Gen Xers’ Rage At Heart Of ‘I Love You, You Hate Me’

What was it that made us hate Barney the Purple Dinosaur? I remember going to school one morning at 14 or 15 and the radio station did a parody of The Beastie Boys’ “Fight For Your Right.” But instead of fighting for your right to party, it was to burn Barney. The San Diego Chicken got under fire for attacking a Barney-style character during a San Diego Padre game in 1993. The HBO short-lived comedy series Hardcore TV had a skit of Barney-style character named Bernie telling dirty, filthy jokes.

But then in 1993, at the University of Nebraska-Lincoln, some students organized a Barney bash event to get through their frustrations for the upcoming mid-terms and it was a success. News covered it with some people not realizing what was going on. It was just a bunch of college kids doing something fun. During Homecoming Week at Georgia Southern, they had people playing gladiator-style games and passing out free condoms and it didn’t make news. However, some people closed to the creation and Barney & Friends weren’t laughing at all this. A lawsuit was filed against the San Diego Chicken.

After watching the documentary I Love You, You Hate Me currently streaming on Peacock, I knew what was going on. Barney was the creation of Texas woman Sheryl Leach, your typical good old southern Christian small town WASP. Today, she would have at least one Live Laugh Love wooden decoration in her house. The people who created and helped pushed Barney from the pinewood shelves of your local video rental stores to the forefront, are the types who really get underneath your skin. They are the type of people you hope to avoid when you’re out but still say “Hello” to as they give you emotionless hugs.

Now, there’s nothing wrong with Sheryl Leach, but I know she’s the type of mom who still thinks her children like the same thing at 13 that they do at 3. She’s the type of parent who gets mad when her 17-year-old child wants to spend his birthday with his girlfriend not his parents. Leach isn’t interviewed for the documentary, but shown in archival footage, we see a person who wasn’t nowhere near prepared for the success her creation had because she lived in a bubble and felt the rest of the world lived in that bubble. Leach looks like your typical small-town WASP movie circa the early 1990s and that might explain why she took the criticism so badly.
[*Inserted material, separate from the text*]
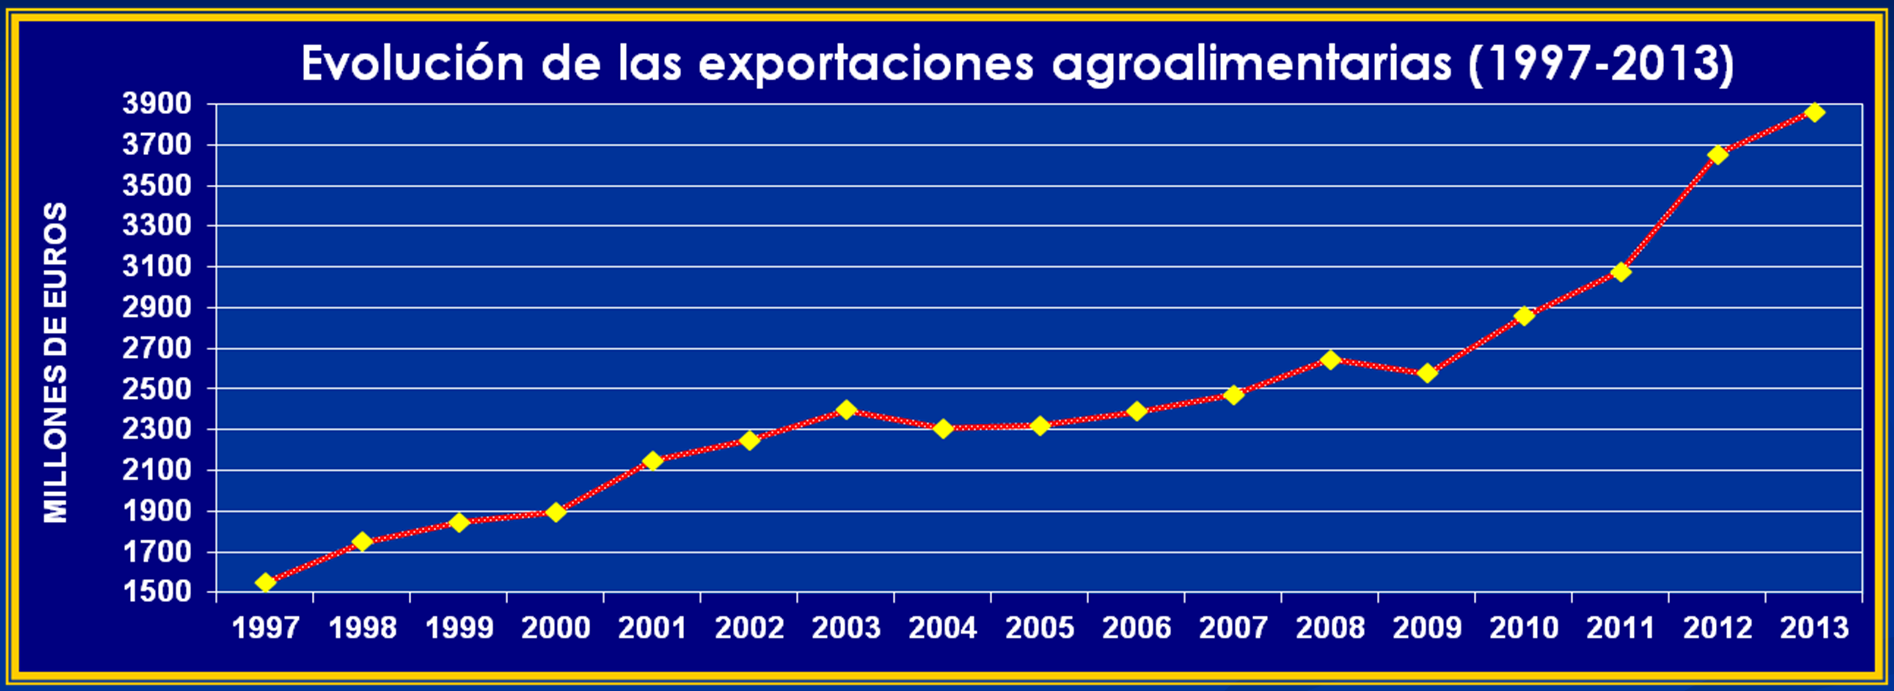 El regadío en la Región de Murcia Importancia de la agricultura en Murcia: Las Exportaciones Agroalimentarias de la Región de Murcia asciende a 3.866 millones de euros (11% del total nacional).

Barney was this noxious symbol of what perfection. Barney was every annoying D.A.R.E. anti-drug program that Gen Xers and Milllennials had been forced to sit through as the teachers in the mom jeans clapped and danced around. Barney was telling us that Mister Rogers, Bob Ross and Sesame Street weren’t good for us because they told us it was ok that we weren’t perfect. Barney was for preschoolers whose parents who freak out when a stranger on the street says “hate” because they don’t want to teach their kids that word.

I remember seeing a story in the Tulsa World a decade ago or even longer where this woman was doing this skit where she was teaching children not to say bad things. The photos were cringeworthy. You have to say bad things about people sometimes. You can’t say just nice things about Adolf Hitler, Genghis Khan or Gen. George Custer. I understood what this woman was getting at. I just didn’t like the approach as she was foolish. The “If you can’t say anything nice, don’t say anything at all” people are always more critical of others. Even saying that phrase is saying something bad.

Yes, Barney & Friends was a kid show. But it was a kids show that left itself vulnerable. The problem was Leach and her people didn’t address the blowback the right way. They ignored it until the San Diego Chicken episode. And seeing the Chicken himself, or Ted Giannoulous behind the mask, give an “I don’t give a fuck” interview might be one of the docuserie’s highlights. People went after Fred Rogers in the parody shows, but Rogers was still trying to portray a show that taught kids a good lesson.

The problem may have been Barney didn’t appeal to anyone who wasn’t a young kid who lived a sheltered life. And there was something about the voice of Barney by Bob West that was just annoying. When Nine Months opened in 1995 with Hugh Grant and Tom Arnold fighting an Arney the Dinosaur in a toy store, I think the message had been spoken. Barney was being pushed on children and their parents as a marketing ploy. And there wasn’t any reason not to like Barney was what the show was saying.

But still it was just for very young kids. And Gen Xers were those that pushed back along with others. For many of us, the early 1990s was a crazy time. The Cold War was over. The Reagan/Bush administration was finally history. We had spent so long being told that at any moment the Soviet Union would end the world in a nuclear holocaust. Reagan and Bush tanked the economy and destroyed the America our parents and grandparents mostly flourished in. And here is this fucking plush animatronic person telling us to smile and everything can be resolved so easily. Not really.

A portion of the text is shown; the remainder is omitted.